Items from a data source:
• • •

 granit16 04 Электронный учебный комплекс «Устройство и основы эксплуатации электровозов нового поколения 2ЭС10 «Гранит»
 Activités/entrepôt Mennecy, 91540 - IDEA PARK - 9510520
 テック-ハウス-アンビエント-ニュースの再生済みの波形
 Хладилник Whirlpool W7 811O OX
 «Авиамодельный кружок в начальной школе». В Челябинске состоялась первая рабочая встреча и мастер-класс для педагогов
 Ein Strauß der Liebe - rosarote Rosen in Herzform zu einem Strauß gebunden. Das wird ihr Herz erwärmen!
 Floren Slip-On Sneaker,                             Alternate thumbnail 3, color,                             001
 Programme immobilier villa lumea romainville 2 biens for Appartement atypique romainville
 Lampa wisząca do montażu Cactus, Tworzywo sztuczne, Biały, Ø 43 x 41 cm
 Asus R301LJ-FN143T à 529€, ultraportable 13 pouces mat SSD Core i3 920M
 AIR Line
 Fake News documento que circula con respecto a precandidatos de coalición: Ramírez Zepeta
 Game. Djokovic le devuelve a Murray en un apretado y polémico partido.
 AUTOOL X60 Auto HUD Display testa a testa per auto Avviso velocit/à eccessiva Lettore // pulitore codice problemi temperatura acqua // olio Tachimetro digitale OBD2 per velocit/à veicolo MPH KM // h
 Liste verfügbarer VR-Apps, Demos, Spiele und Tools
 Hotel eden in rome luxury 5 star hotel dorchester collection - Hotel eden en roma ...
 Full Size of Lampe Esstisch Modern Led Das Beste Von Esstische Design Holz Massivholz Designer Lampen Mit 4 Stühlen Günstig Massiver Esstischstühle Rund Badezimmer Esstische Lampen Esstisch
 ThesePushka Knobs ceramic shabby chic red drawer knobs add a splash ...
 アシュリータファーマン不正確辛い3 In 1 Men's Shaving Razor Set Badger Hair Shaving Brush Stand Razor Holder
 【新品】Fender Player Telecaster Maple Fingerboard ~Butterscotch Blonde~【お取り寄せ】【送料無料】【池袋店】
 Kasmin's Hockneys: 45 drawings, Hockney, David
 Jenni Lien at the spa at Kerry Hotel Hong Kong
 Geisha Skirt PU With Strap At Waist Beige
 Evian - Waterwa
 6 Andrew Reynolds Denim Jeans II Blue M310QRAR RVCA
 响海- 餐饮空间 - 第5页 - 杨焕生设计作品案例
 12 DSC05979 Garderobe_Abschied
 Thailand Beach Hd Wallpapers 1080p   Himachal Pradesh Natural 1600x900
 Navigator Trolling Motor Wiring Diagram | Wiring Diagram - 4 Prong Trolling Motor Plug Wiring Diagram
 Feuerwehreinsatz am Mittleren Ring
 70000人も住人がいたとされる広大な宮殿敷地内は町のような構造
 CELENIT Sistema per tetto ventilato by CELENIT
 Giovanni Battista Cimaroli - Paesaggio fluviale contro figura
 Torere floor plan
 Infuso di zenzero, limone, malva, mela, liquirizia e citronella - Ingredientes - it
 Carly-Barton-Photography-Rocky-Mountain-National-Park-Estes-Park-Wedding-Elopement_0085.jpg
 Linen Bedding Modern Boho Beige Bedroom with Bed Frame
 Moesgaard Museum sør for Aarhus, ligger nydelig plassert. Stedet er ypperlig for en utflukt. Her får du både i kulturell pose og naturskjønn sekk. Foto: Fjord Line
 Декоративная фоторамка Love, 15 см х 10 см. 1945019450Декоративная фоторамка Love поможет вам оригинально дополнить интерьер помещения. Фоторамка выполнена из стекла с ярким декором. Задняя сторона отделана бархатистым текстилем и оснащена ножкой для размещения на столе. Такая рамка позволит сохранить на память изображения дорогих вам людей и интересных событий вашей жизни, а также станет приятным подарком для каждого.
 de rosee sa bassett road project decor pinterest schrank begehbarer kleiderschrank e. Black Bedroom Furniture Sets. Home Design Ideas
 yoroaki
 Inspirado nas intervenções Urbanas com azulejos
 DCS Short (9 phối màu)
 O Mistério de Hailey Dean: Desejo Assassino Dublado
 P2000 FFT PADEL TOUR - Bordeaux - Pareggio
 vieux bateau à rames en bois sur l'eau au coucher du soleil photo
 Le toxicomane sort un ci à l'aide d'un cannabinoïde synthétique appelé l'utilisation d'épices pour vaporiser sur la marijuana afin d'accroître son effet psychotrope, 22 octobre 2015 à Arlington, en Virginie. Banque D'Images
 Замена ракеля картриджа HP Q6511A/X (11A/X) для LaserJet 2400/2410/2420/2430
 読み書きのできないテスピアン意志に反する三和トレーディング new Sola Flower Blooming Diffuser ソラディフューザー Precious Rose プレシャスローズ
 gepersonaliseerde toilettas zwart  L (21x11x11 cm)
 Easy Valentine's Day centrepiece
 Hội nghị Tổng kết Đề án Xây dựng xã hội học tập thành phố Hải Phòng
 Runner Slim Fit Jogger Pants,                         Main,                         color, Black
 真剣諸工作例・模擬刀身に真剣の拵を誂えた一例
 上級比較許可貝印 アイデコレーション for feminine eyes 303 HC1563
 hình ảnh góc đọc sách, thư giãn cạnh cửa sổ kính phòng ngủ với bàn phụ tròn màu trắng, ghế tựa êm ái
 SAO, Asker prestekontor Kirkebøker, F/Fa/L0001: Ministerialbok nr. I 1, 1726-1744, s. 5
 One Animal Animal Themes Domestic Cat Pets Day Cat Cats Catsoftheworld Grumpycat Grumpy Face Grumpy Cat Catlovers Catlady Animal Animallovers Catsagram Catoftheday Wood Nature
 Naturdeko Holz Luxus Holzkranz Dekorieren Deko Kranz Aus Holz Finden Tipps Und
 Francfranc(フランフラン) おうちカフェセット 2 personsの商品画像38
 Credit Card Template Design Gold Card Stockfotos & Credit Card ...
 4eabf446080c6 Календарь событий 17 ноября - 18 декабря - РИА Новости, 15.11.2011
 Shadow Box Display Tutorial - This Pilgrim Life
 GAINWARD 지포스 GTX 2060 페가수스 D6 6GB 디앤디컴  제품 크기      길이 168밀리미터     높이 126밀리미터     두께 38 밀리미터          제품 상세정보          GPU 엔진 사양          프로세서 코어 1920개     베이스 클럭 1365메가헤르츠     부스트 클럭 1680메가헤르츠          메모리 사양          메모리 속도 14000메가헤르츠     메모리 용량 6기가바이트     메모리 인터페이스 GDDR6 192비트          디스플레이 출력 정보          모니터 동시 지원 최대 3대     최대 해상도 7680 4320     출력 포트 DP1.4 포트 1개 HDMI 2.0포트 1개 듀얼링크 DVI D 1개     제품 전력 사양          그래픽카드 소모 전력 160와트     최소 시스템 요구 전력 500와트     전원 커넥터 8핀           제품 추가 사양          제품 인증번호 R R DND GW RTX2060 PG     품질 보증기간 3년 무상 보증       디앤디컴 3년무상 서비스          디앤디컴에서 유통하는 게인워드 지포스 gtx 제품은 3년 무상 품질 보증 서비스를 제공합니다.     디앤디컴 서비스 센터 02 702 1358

• • •

What you should do: Retype the entries exactly from the first line, stopping after the line with "Thailand Beach Hd".

Task solution:
 granit16 04 Электронный учебный комплекс «Устройство и основы эксплуатации электровозов нового поколения 2ЭС10 «Гранит»
 Activités/entrepôt Mennecy, 91540 - IDEA PARK - 9510520
 テック-ハウス-アンビエント-ニュースの再生済みの波形
 Хладилник Whirlpool W7 811O OX
 «Авиамодельный кружок в начальной школе». В Челябинске состоялась первая рабочая встреча и мастер-класс для педагогов
 Ein Strauß der Liebe - rosarote Rosen in Herzform zu einem Strauß gebunden. Das wird ihr Herz erwärmen!
 Floren Slip-On Sneaker,                             Alternate thumbnail 3, color,                             001
 Programme immobilier villa lumea romainville 2 biens for Appartement atypique romainville
 Lampa wisząca do montażu Cactus, Tworzywo sztuczne, Biały, Ø 43 x 41 cm
 Asus R301LJ-FN143T à 529€, ultraportable 13 pouces mat SSD Core i3 920M
 AIR Line
 Fake News documento que circula con respecto a precandidatos de coalición: Ramírez Zepeta
 Game. Djokovic le devuelve a Murray en un apretado y polémico partido.
 AUTOOL X60 Auto HUD Display testa a testa per auto Avviso velocit/à eccessiva Lettore // pulitore codice problemi temperatura acqua // olio Tachimetro digitale OBD2 per velocit/à veicolo MPH KM // h
 Liste verfügbarer VR-Apps, Demos, Spiele und Tools
 Hotel eden in rome luxury 5 star hotel dorchester collection - Hotel eden en roma ...
 Full Size of Lampe Esstisch Modern Led Das Beste Von Esstische Design Holz Massivholz Designer Lampen Mit 4 Stühlen Günstig Massiver Esstischstühle Rund Badezimmer Esstische Lampen Esstisch
 ThesePushka Knobs ceramic shabby chic red drawer knobs add a splash ...
 アシュリータファーマン不正確辛い3 In 1 Men's Shaving Razor Set Badger Hair Shaving Brush Stand Razor Holder
 【新品】Fender Player Telecaster Maple Fingerboard ~Butterscotch Blonde~【お取り寄せ】【送料無料】【池袋店】
 Kasmin's Hockneys: 45 drawings, Hockney, David
 Jenni Lien at the spa at Kerry Hotel Hong Kong
 Geisha Skirt PU With Strap At Waist Beige
 Evian - Waterwa
 6 Andrew Reynolds Denim Jeans II Blue M310QRAR RVCA
 响海- 餐饮空间 - 第5页 - 杨焕生设计作品案例
 12 DSC05979 Garderobe_Abschied
 Thailand Beach Hd Wallpapers 1080p   Himachal Pradesh Natural 1600x900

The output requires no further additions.